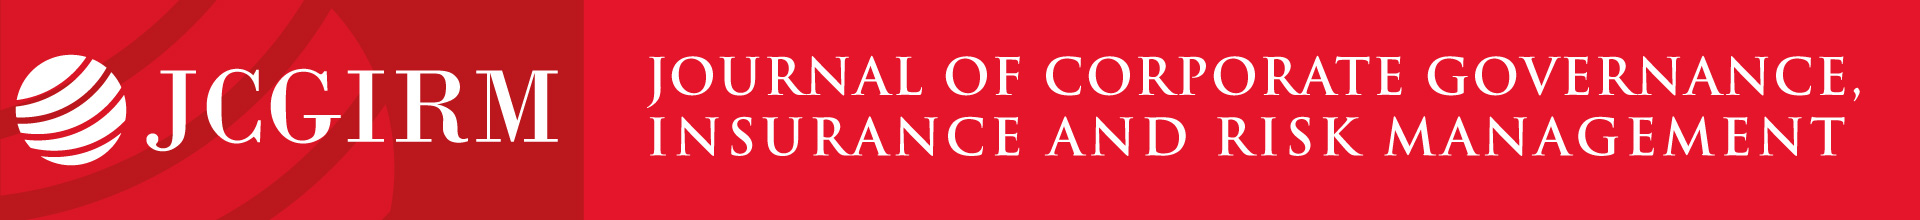 The Journal of Corporate Governance, Insurance, and Risk Management (JCGIRM)
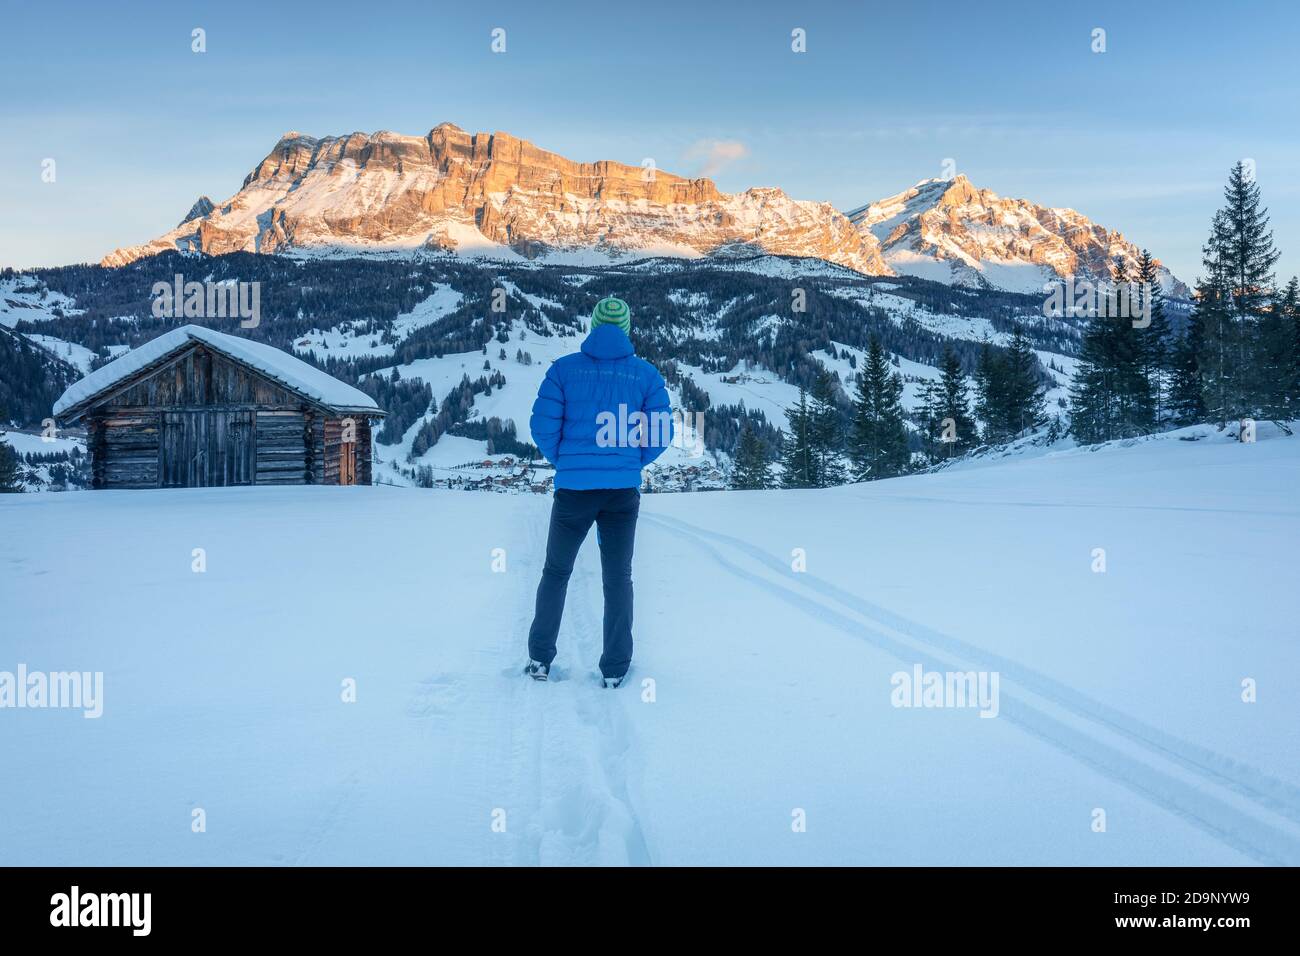 lonely man (45 years old) traditional wooden huts, winter landscape with the Monte Cavallo / L'Ciaval / Heiligkreuzkofel in the background, Dolomites, Abtei, Badia, Ladin valley, Gadertal, Bolzano, South Tyrol, Italy, Europe Stock Photo
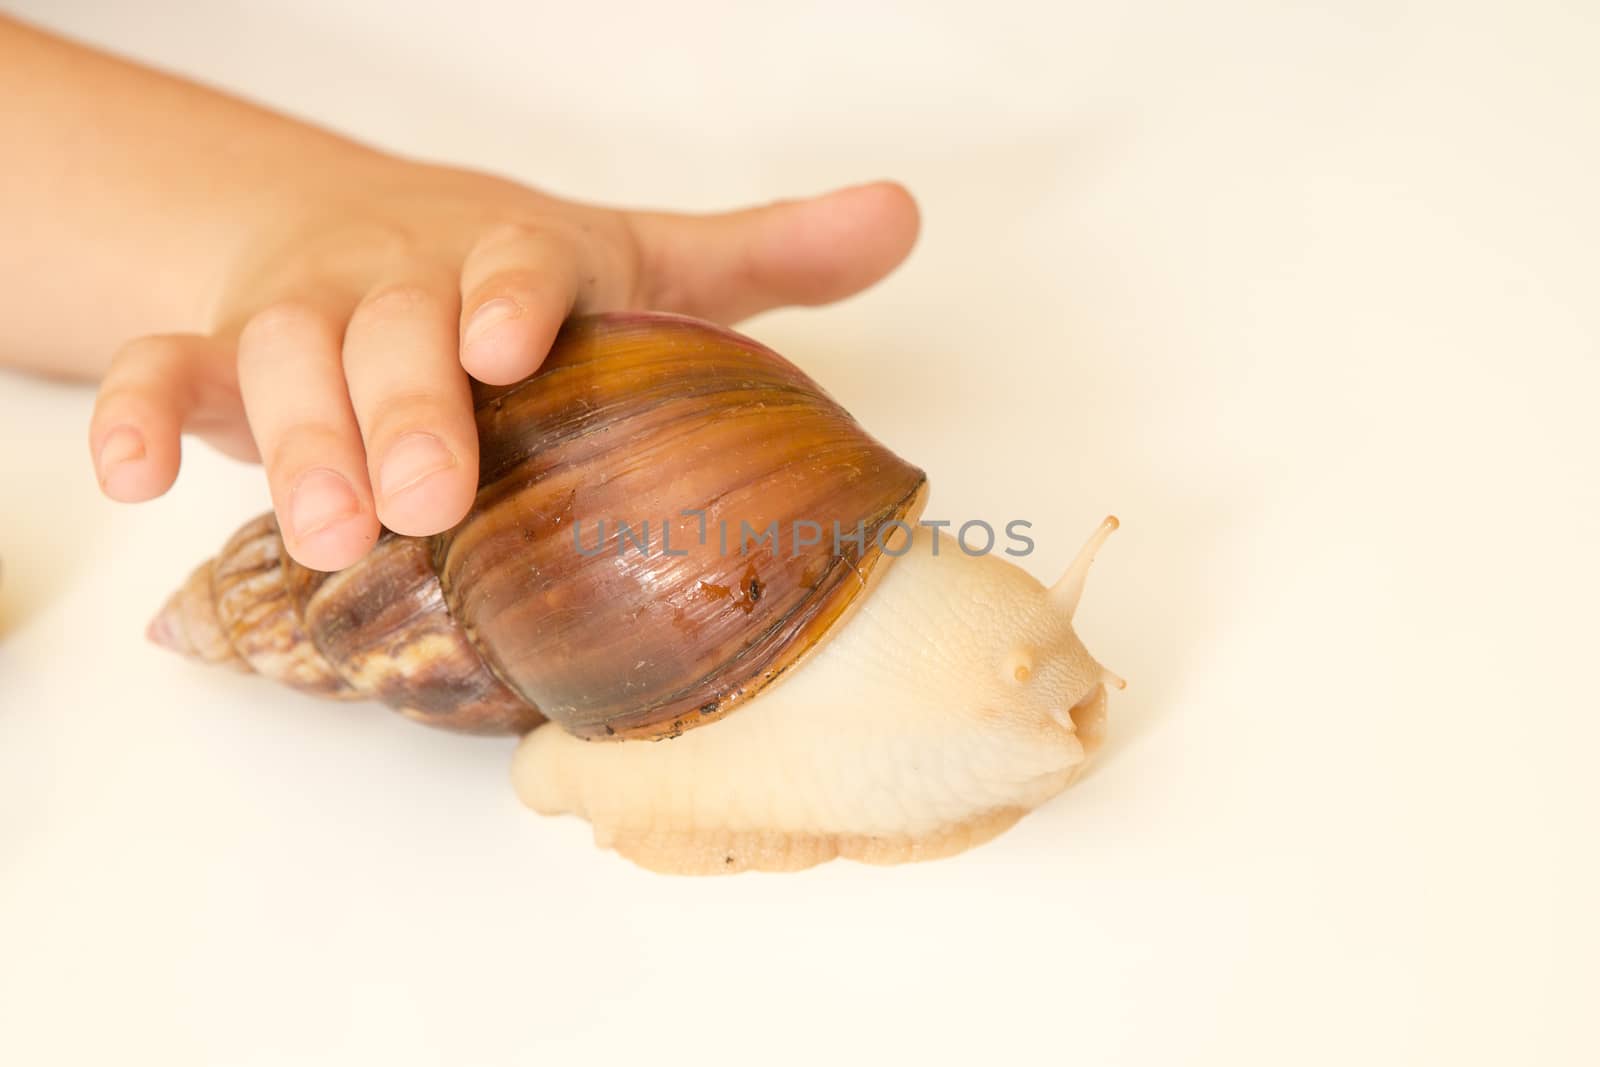 African Achatina snail in hand at home, close up by olgagordeeva
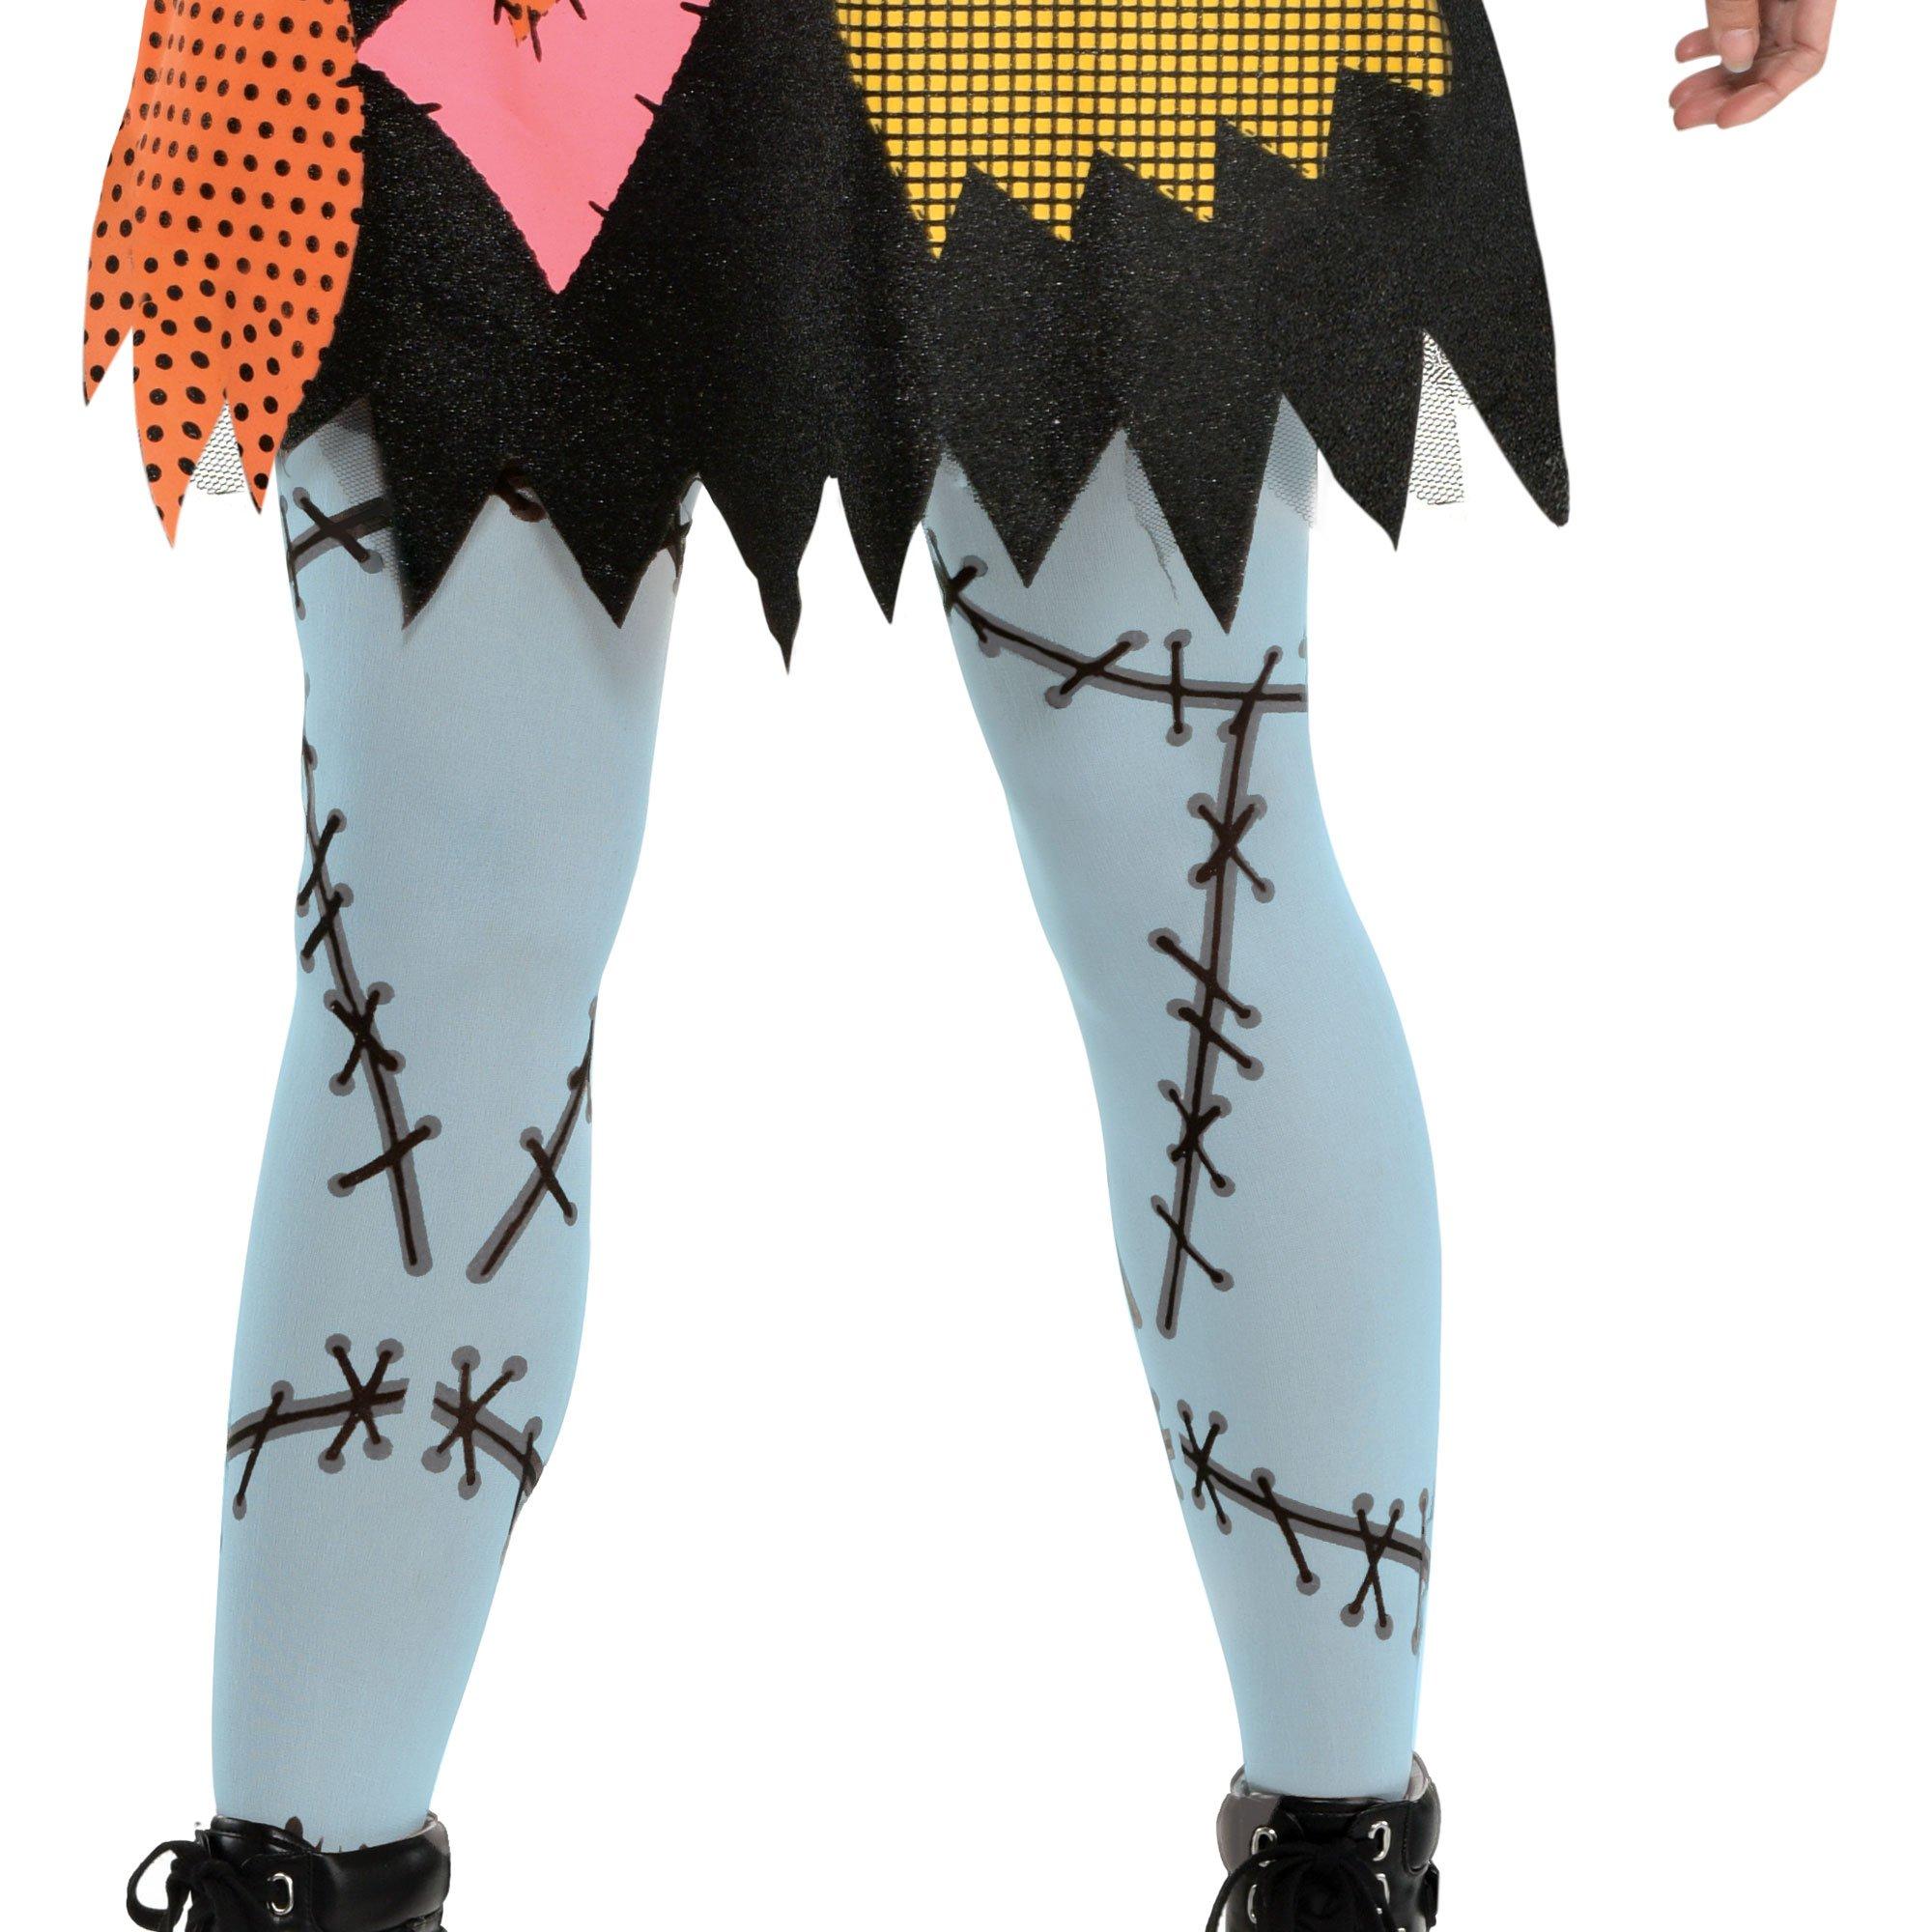 Adult Deluxe Sally Costume - The Nightmare Before Christmas
● ● ● ● ●
- _Task description_:
Without including the pictures, copy all of the data exactly.

- _Answer to the problem_:
 The Journal of Corporate Governance, Insurance, and Risk Management (JCGIRM)
 lonely man (45 years old) traditional wooden huts, winter landscape with the Monte Cavallo / L'Ciaval / Heiligkreuzkofel in the background, Dolomites, Abtei, Badia, Ladin valley, Gadertal, Bolzano, South Tyrol, Italy, Europe Stock Photo
 African Achatina snail in hand at home, close up by olgagordeeva
 Adult Deluxe Sally Costume - The Nightmare Before Christmas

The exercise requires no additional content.